## [YOUR TASK]
Below is a listing; restate from it, character for character, the lines beginning at the line holding "Гитара enya купить." and ending at the line holding "Польщі став мемом", both included.

## [SUPPLIED RECORDS]
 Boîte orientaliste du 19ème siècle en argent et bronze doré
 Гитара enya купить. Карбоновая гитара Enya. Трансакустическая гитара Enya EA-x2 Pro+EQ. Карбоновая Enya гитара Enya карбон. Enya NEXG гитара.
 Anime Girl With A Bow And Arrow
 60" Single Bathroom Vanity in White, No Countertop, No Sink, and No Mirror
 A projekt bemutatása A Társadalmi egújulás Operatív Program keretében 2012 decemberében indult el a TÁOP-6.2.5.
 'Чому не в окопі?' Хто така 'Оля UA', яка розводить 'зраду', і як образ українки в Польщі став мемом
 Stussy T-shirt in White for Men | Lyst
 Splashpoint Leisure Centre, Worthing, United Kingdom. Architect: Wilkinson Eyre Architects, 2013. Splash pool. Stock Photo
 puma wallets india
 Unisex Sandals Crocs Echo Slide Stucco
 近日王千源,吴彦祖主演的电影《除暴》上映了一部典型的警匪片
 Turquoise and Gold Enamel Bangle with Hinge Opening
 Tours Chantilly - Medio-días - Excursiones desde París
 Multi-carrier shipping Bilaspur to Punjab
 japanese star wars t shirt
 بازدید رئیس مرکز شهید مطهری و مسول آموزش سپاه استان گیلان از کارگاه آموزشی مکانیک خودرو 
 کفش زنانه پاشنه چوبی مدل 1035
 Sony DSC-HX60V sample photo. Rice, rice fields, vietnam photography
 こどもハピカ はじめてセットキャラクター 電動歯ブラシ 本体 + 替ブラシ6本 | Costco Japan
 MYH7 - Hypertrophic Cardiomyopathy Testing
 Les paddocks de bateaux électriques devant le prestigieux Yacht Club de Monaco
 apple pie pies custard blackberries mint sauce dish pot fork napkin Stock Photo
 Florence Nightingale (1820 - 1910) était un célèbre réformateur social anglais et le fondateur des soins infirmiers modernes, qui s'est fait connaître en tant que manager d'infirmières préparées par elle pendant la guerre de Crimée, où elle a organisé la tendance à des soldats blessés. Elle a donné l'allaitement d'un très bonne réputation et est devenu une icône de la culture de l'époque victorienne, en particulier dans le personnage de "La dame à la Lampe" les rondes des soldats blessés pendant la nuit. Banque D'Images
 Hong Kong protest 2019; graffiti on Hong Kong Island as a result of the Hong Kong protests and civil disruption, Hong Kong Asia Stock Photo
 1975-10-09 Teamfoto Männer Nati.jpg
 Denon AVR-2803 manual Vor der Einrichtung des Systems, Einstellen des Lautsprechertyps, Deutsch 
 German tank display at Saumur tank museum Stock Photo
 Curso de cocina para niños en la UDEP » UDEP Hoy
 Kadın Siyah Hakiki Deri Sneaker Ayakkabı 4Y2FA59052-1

## [REPLY TO THE TASK]
 Гитара enya купить. Карбоновая гитара Enya. Трансакустическая гитара Enya EA-x2 Pro+EQ. Карбоновая Enya гитара Enya карбон. Enya NEXG гитара.
 Anime Girl With A Bow And Arrow
 60" Single Bathroom Vanity in White, No Countertop, No Sink, and No Mirror
 A projekt bemutatása A Társadalmi egújulás Operatív Program keretében 2012 decemberében indult el a TÁOP-6.2.5.
 'Чому не в окопі?' Хто така 'Оля UA', яка розводить 'зраду', і як образ українки в Польщі став мемом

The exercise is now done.